L’histoire de cette combattante peut nous rappeler celle d’une autre femme, que l’islam considère être l’une des meilleures que l’humanité ait connues.

Je parle de la femme de Pharaon, le tyran au sommet de son arrogance, une femme que tout prédestinait à être complice, à jouer un rôle actif au côté du tyran ; mais sa nature humaine, pure et innée, lui donna le courage de résister, de faire face au tyran et de refuser l’injustice, tout en adhérant à la foi sincère des opprimés.

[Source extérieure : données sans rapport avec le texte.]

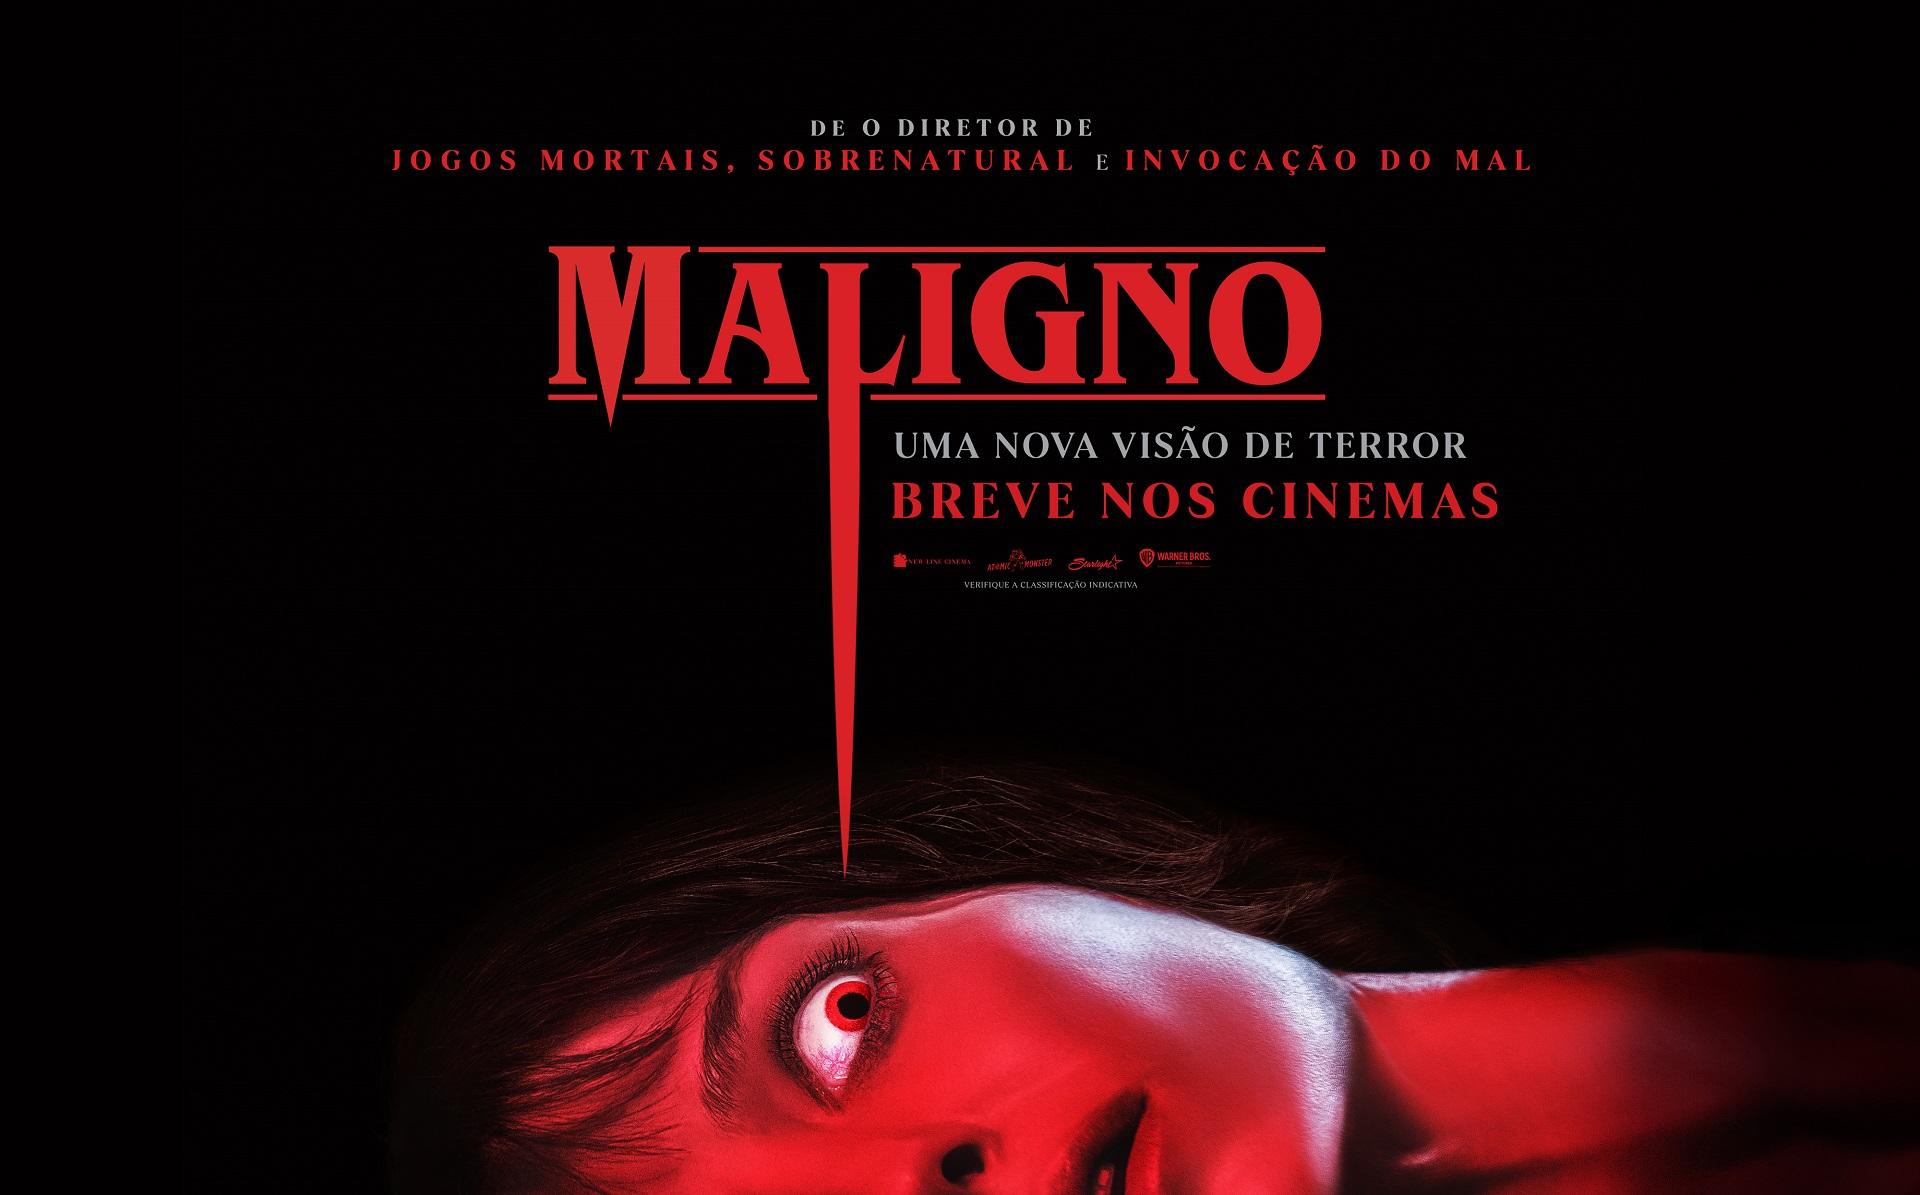 maligno-filme-terror-james-wan-warner-2

Tali Fahima, née en Palestine occupée en 1976 dans une famille juive d’origine algérienne, est la jeune femme de nationalité israélienne, dont le service de sécurité Shin Beth affirma qu’elle planifiait de devenir « la première terroriste juive », en voulant agir contre son propre « peuple ». C’est la jeune femme qui, d’une partisane du parti Likoud, a « basculé » en 2003 pour développer des relations et prendre position en faveur de la résistance et du peuple palestiniens, ce qui a fini par lui coûter deux ans d’emprisonnement de 2005 à 2007. Et c’est enfin la jeune femme qui, selon un site pro-israélien, « vient de franchir un nouveau pas » (sans doute un pas dans l’horreur pour ce site, ndlr) ce lundi 7 juin, en embrassant la foi des opprimés et des résistants de la Palestine, la foi de la femme de Pharaon, la foi de leurs illustres ancêtres autour des apôtres du Christ et des compagnons du Prophète.

Pourtant, Tali Fahima était prédestinée à devenir une femme israélienne nourrie au sionisme, sans aucune considération pour les Arabes de la Palestine, rien que de la haine et du mépris.

Dans une interview qu’elle a accordée au site des Palestiniens de 1948 (www.pls48.net) en janvier 2010, elle revient sur son parcours, l’éducation qu’elle a reçue et comment elle a fini par découvrir la vérité.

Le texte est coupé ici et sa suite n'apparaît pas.